Docile
- Species: Dog
- Breed: Briard
- Sex: Female
- Born: c. 1989
- Died: 1994 (aged 4–5)
- Owner: Egil Olsen

= Docile =

Norwegian dog

Docile (c. 1989 – 1994) was a female Briard dog. Owned by football manager Egil Olsen, the dog became a national celebrity animal during Olsen's tenure as manager of the Norway national football team.

The dog quickly became known for accompanying Olsen to work, both in the Football Association offices and in training sessions. In addition, the Briard breed was rare in Norway, with approximately 300 individuals. According to a biographer of Egil Olsen, Docile was used as a figurehead to shield his family members from media attention.
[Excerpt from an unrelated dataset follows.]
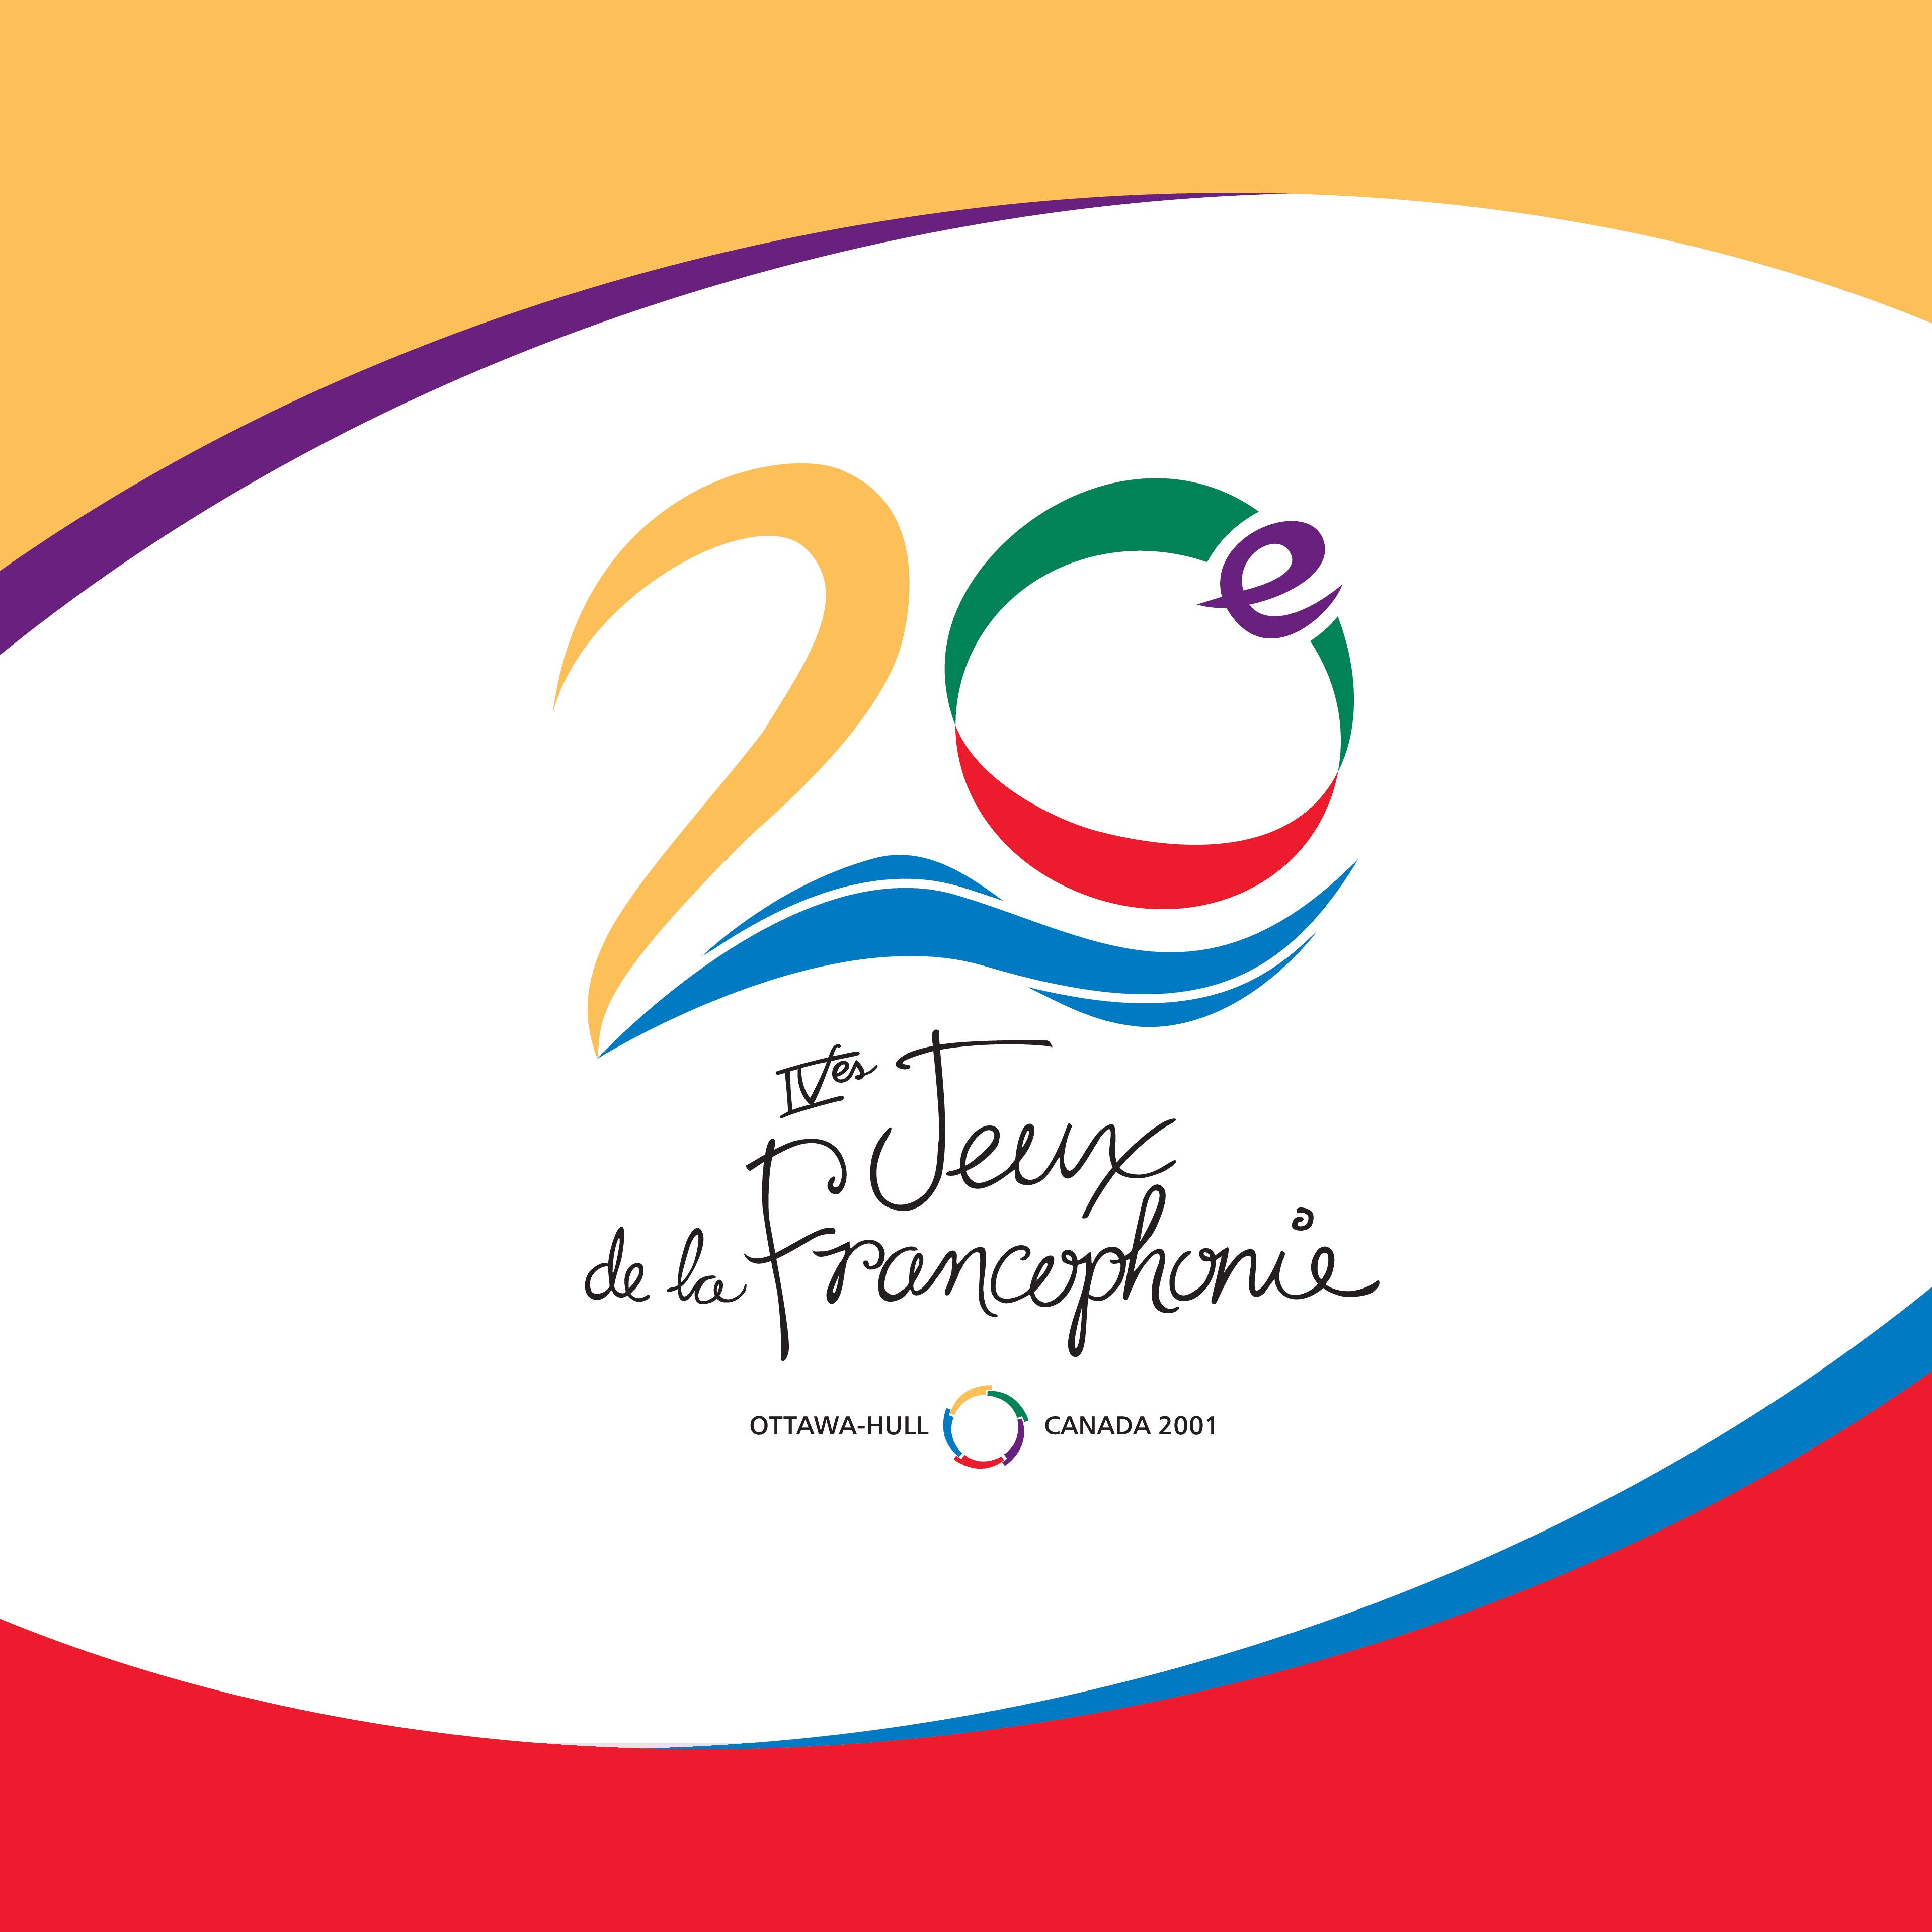 20e des IVes Jeux de la Francophonie
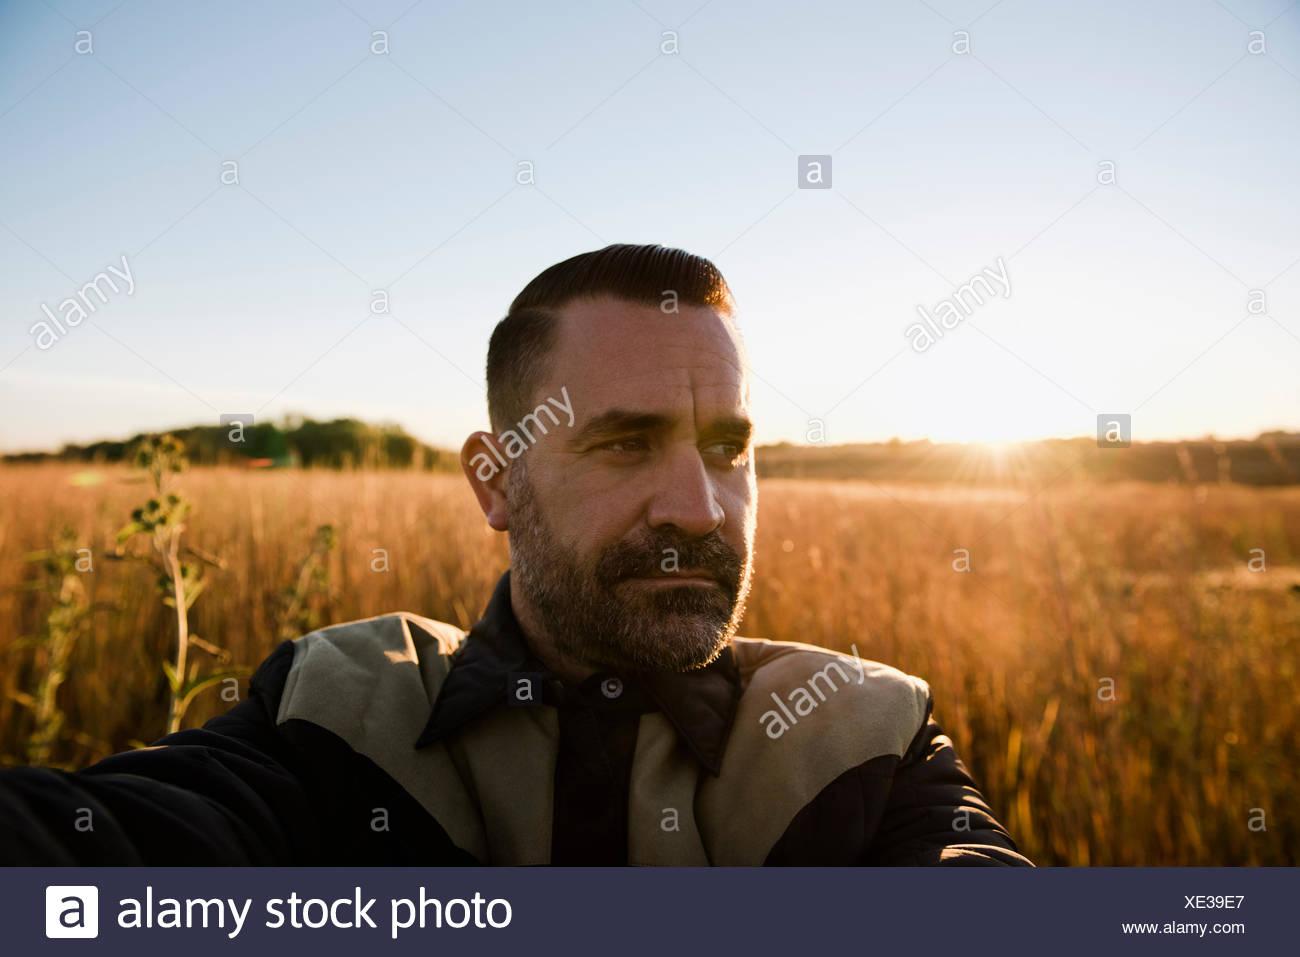 Ritratto di auto di imprenditore nel campo di grano al tramonto, Plattsburg, Missouri, Stati Uniti d'America Immagini Stock

Another reason that Olsen kept a dog was to walk the dog to ailment his ankylosing spondylitis.

The media attention around the Norwegian men's national football team increased significantly during the 1994 FIFA World Cup qualification run, which was the first successful qualification for Norway since the late 1930s. As training sessions were crowded with journalists, in early 1994 VGs Bjørn Delebekk won the Norwegian Press Photographers' annual prize for sports photography. His photoseries of Docile frolicking around the national team players was titled "En hund etter ball".

During the 1994 World Cup, Docile did not follow Olsen to the US and was stationed at Olsen's in-laws in Egersund. They claimed that the dog was recognised around town. The same period saw several spin-off products inspired by the dog. A woolwear factory started marketing a "World Cup yarn" under the name Docile. The pub Docile in Hamar acquired Olsen's acceptance to use Docile's name and likeness, both on the pub itself and on caps and clothing. The newspaper Dagbladet arranged a letter column in Docile's name during the 1994 World Cup. People would contact Docile's supposed fax machine number and have the chance to win a book by Tor Røste Fossen. The same newspaper arranged a naming contest for Olsen's next dog, which would be of the same breed.

In early November 1994, Docile escaped from the front yard of Olsen's home. As some boys played in the street outside, the dog bit the pant leg of one of the boys, causing minor clothing damage. Reportedly against the wishes of the boy's parents, the decision was made to euthanize the dog. Docile was regarded as a national celebrity and "Norway's most publicized dog". Norway's largest newspaper VG stated that Olsen's unusual choice of footwear, Wellington boots, coupled with Docile resting at his feet was "A sort of trademark for the most Norwegian of all Norwegian things".